Wednesday 29 August 2018

Rabbia in moto

Fra tutte le emozioni, ho meno difficoltà ad ammettere di provare rabbia, visto che la trovo in qualche modo empowering (sì, lo so: che cosa oscenamente eteronormativa da parte mia). Ciononostante, ho il brutto vizio di imbottigliare anche quella, visto che ammettere che qualcuno mi ha fatto arrabbiare è comunque dargliela vinta, nella mia visione distorta dei rapporti umani.
Il dottore mi ha detto che è legittimo e salutare che io la provi quando necessario, e mi ha suggerito di incanalarla in qualcosa di costruttivo per me e per la comunità.
Beh, finalmente è capitata l’occasione.

Uno dei miei berserk button è la gente che non rispetta regole basilari tanto facili da seguire come il codice stradale. I ciclisti sul marciapiede sono in cima alla lista, ma anche chi ci parcheggia non scherza.
Beh, nel mio isolato, all’altro angolo, vive una famiglia di, uhm, bravissime persone che ha il vizio di parcheggiare non una, ma ben due moto una di fila all’altra sul marciapiede. Un marciapiede largo meno di un metro, e proprio in corrispondenza di uno scivolo per gli invalidi le cui mattonelle al bordo si sono sollevate creando un ulteriore ostacolo. Il tutto con tanto di passo carrabile a loro nome, vialetto nel cortile e garage.
Ieri, io e la Mater abbiamo incontrato la signora mentre stava giusto parcheggiando la sua moto e le abbiamo chiesto gentilmente non dico di non parcheggiare sul marciapiede, ma di metterne una almeno dall’altra parte del cancello, in modo che non sia d’ostacolo in corrispondenza della mattonella fuori posto – questo perché nel nostro palazzo abitano diverse donne anziane che vanno a fare la spesa col carrello e hanno, puntualmente, difficoltà a passare. La signora in questione prima ha ironizzato sul fatto che almeno le moto coprono le buche sul marciapiede, poi ha fatto un gestaccio rivolto a me e alla Mater, rientrando in casa.
“Ah, brava. Bravissima. Che educazione. E guardi che la moto non si può parcheggiare sul marciapiede a prescindere.”, le grido dietro.
Lei esce furiosa: “Cos’hai detto?”
Io: “La moto non si può parcheggiare sul marciapiede a pre…”
Lei: ‘“Cos’hai detto dopo?”
Io: “La moto non si può parcheggiare sul marciapiede a prescindere.” (Cioè, signora mia, si lavi le orecchie o almeno legga il labbiale).
Al che lei, con aria di sfida, mi fa: “Tu non sei un vigile urbano”, e rientra.

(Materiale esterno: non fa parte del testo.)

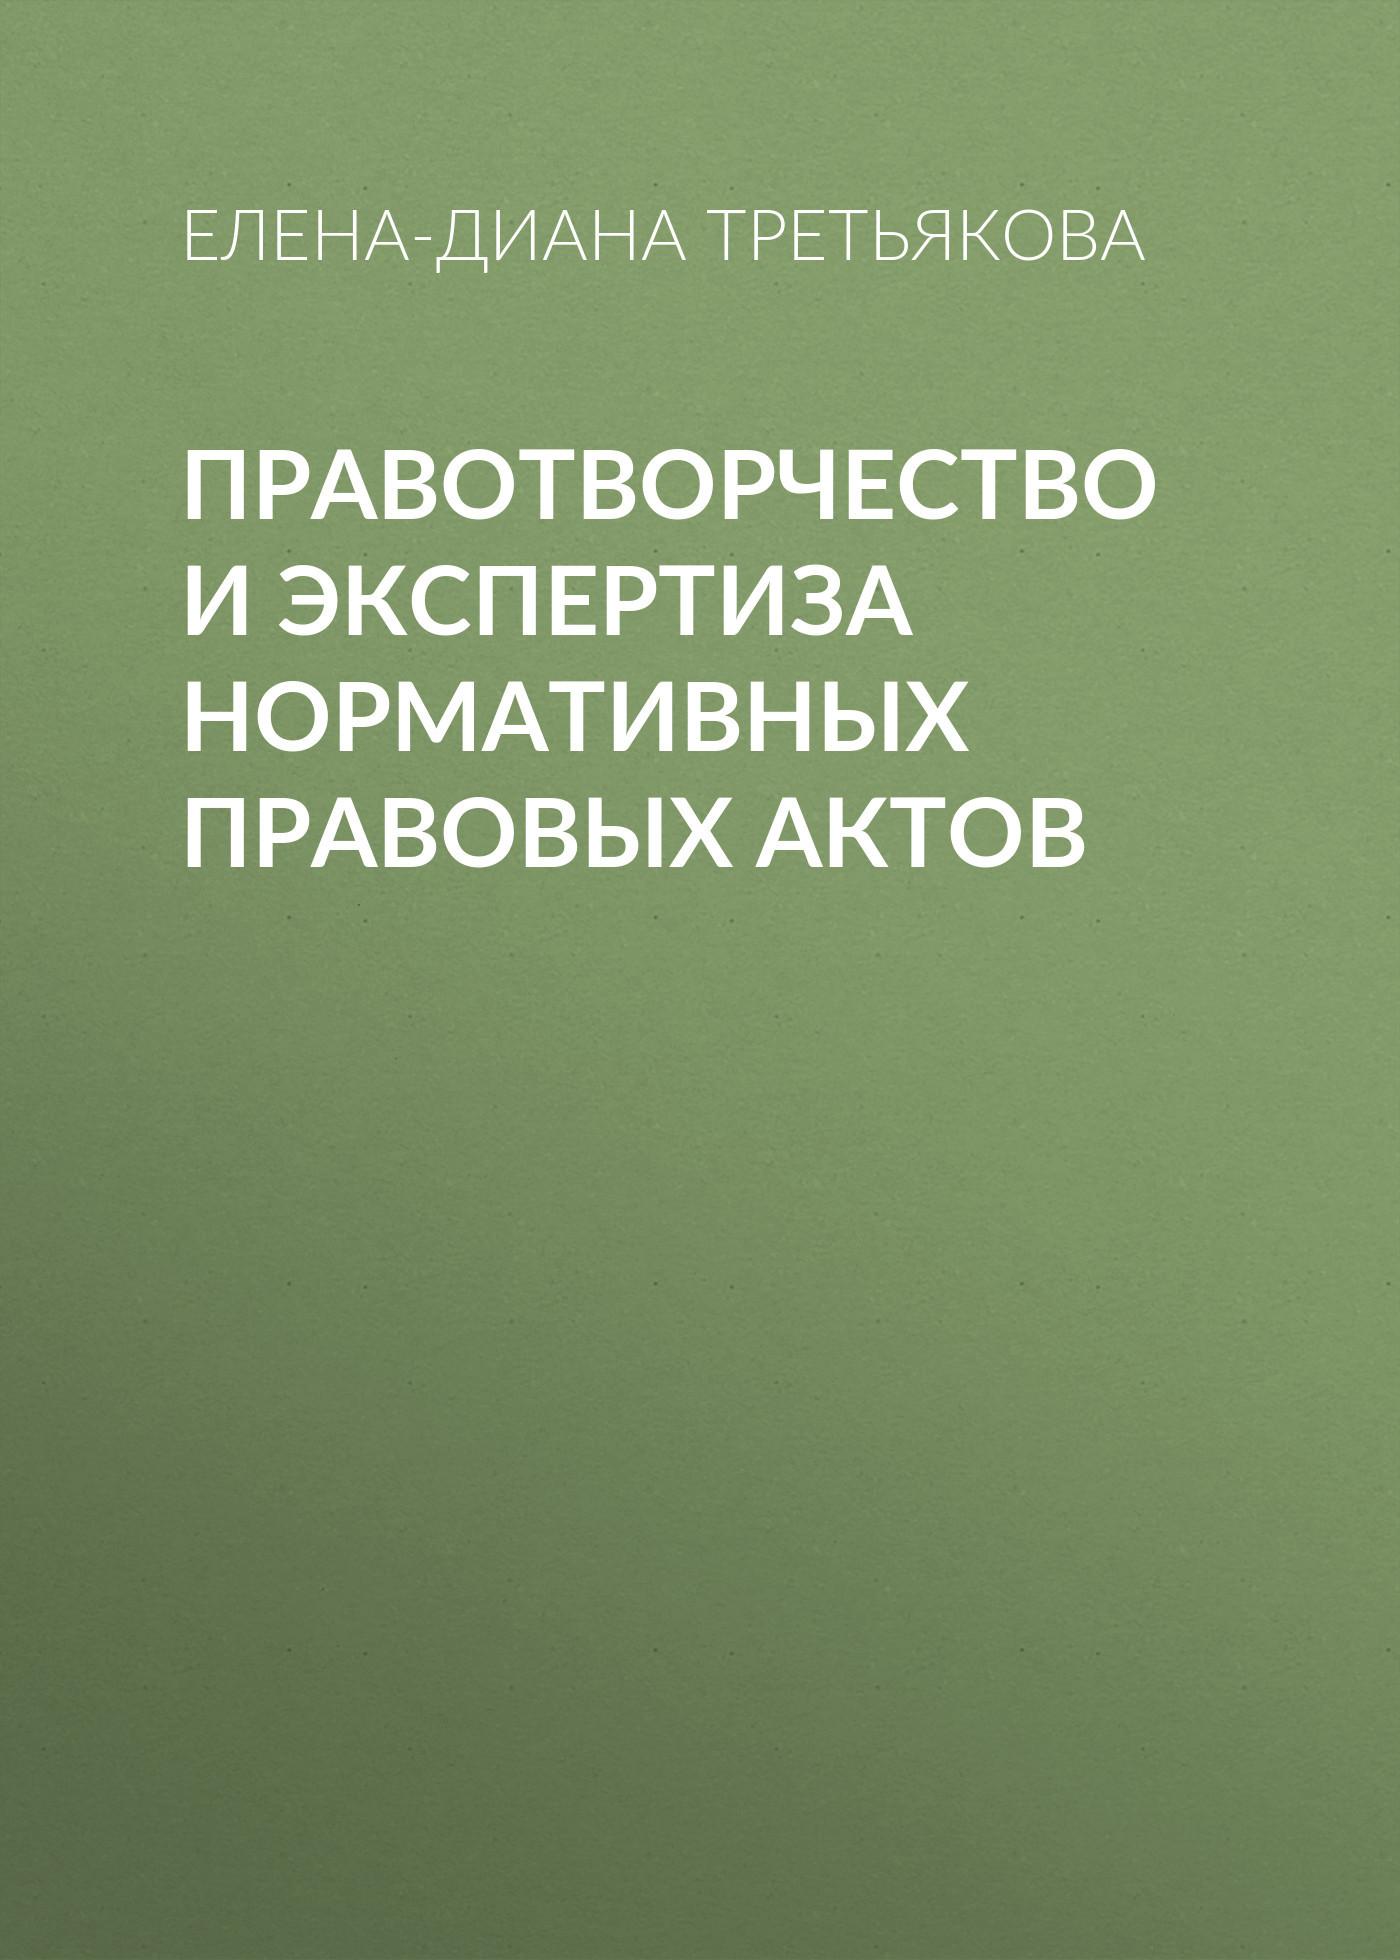 Елена-Диана Третьякова бесплатно

Ah. Non sono un vigile urbano, quindi?
Per combinazione, io e la Mater stavamo uscendo perché dovevo andare a fare la pulizia dal dentista. La Mater, che a quel punto era fuori dalla grazia di dio, attacca a sbraitare a ruota libera che l’unico motivo per cui non è ancora andata a fare un esposto è che hanno spotato la centrale dei vigili urbani troppo lontano da casa… nella parallela, due traverse più in là, del mio dentista. A quel punto non ci ho visto più.
Bene, la signora mi ha sfidato? Finita la visita, prendo e vado dritto in centrale, incastro subito il vigile chiedendogli se “forse ricordo male, ma non è consentito parcheggiare un veicolo sul marciapiede?”, “No, assolutamente.”, “Nemmeno una moto?”, “Eh, ma sta scherzando?!”, e da lì gli espongo ciò che è successo. Lui promette che passeranno e risolveranno la cosa.

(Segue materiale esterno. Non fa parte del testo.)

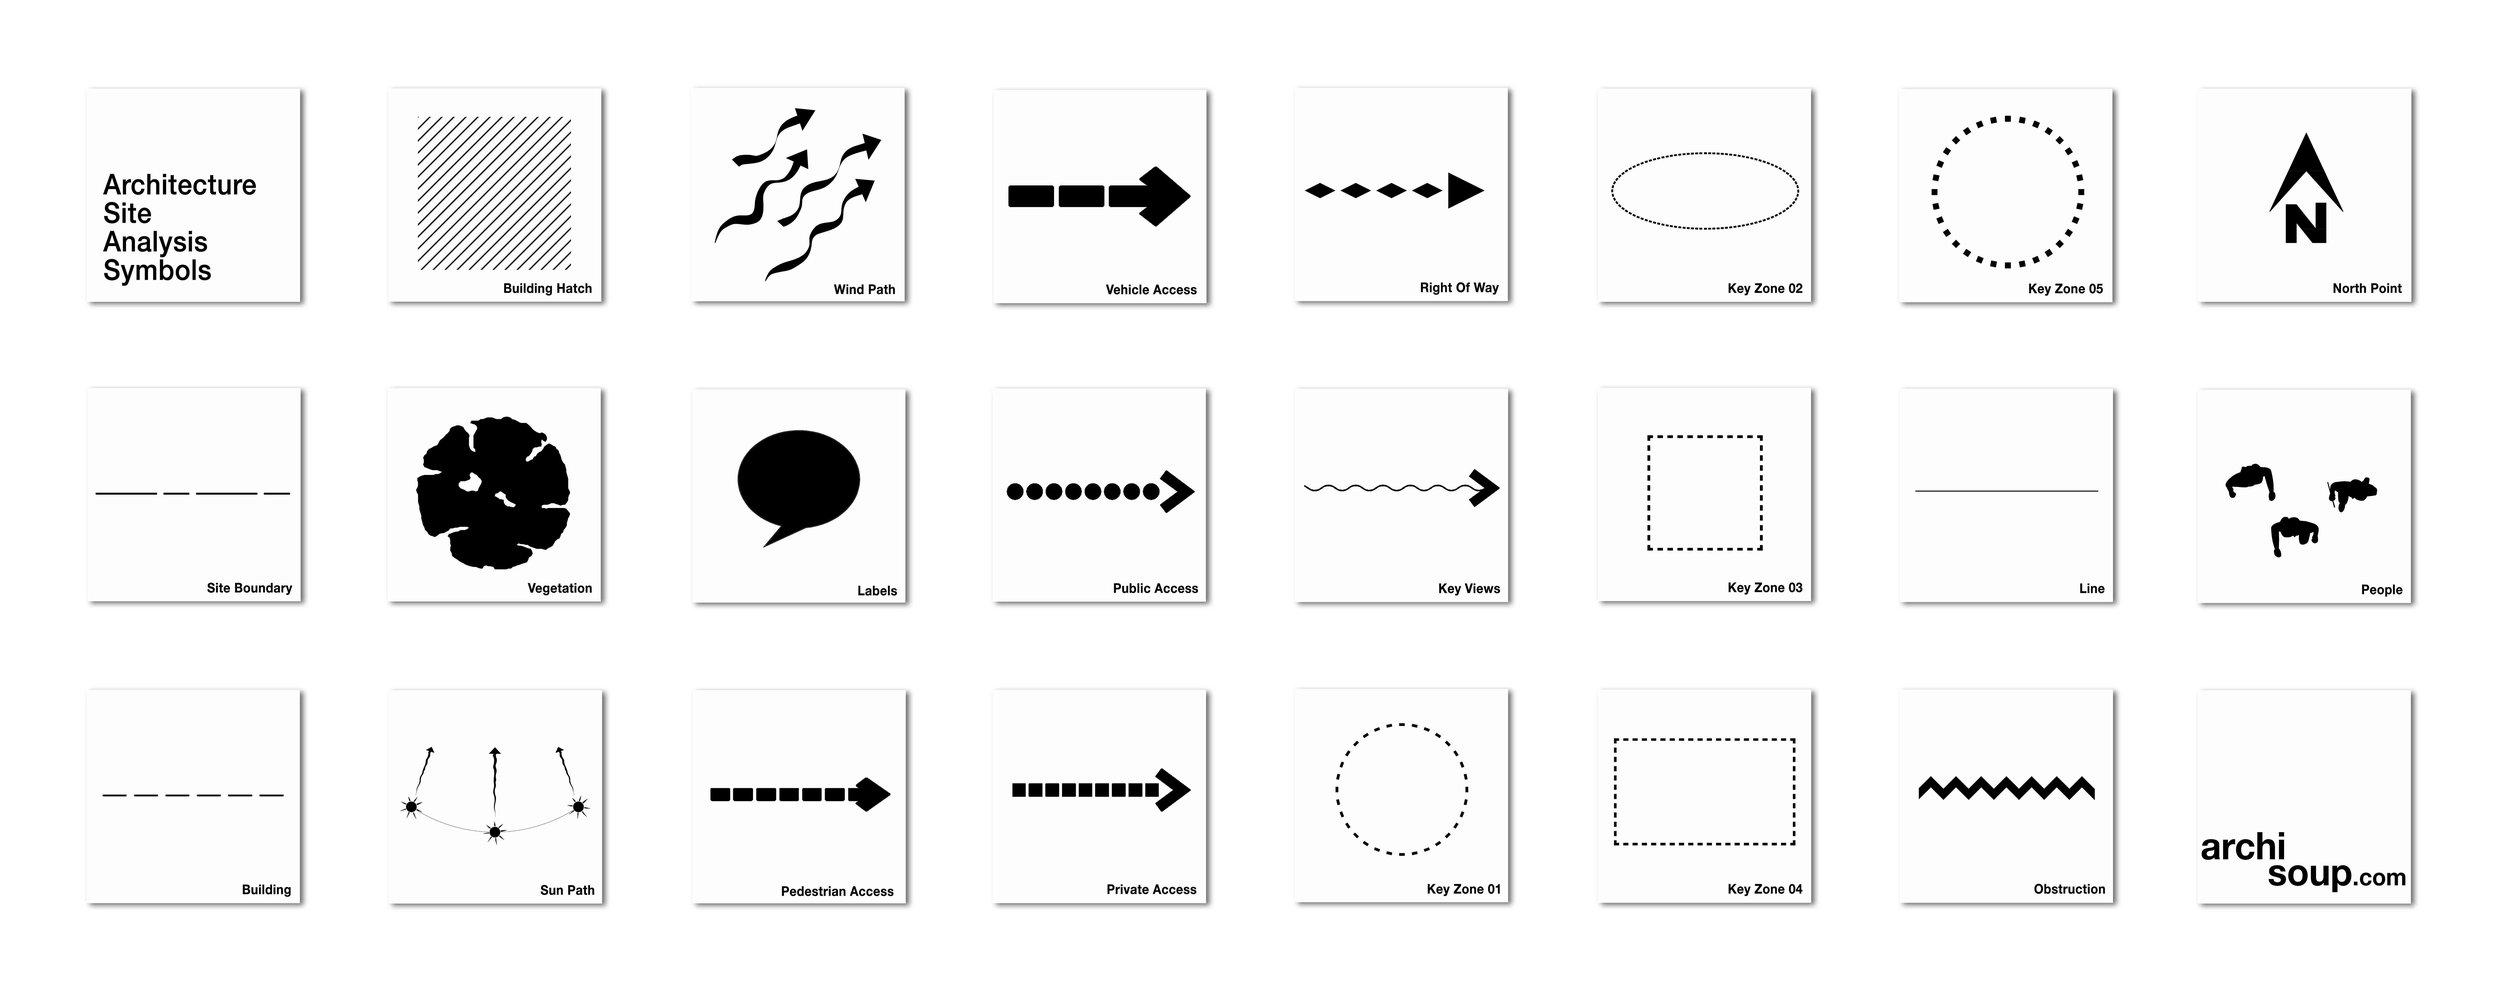 Archisoup-architecture-site-analysis-diagrams-symbols.jpg

Beh, indovinate che cosa non è parcheggiato dove, oggi? E meno male che non ero un vigile urbano.
La signora ha fatto l’errore di lanciarmi la sfida mentre era in torto. Cosa credeva, che non mi funzionassero le gambe ad andare lì e fare un esposto? Che non glielo avrei fatto rimangiare approfittando di aver ragione? Non m’importa se l’hanno solo avvisata, non m’importa se l’hanno anche multata, ma la sua moto su quel marciapiede non ci può stare.
E ha anche avuto la fortuna di beccare qualcuno che è capace di portare rancore per decenni. Perché cosa crede, che ora si cheteranno le acque e potrà tornare a parcheggiare dove le pare? Sbagliato: ogni volta che sarò in città e vedrò una di quelle due moto sul marciapiede, farò una foto con tanto di targa e partirà un esposto ai vigili urbani (ho controllato e, ai fini dell’esposto, non è lesivo della sua privacy). E se continua sono disposto ad arrivare anche dall’assessore ai trasporti.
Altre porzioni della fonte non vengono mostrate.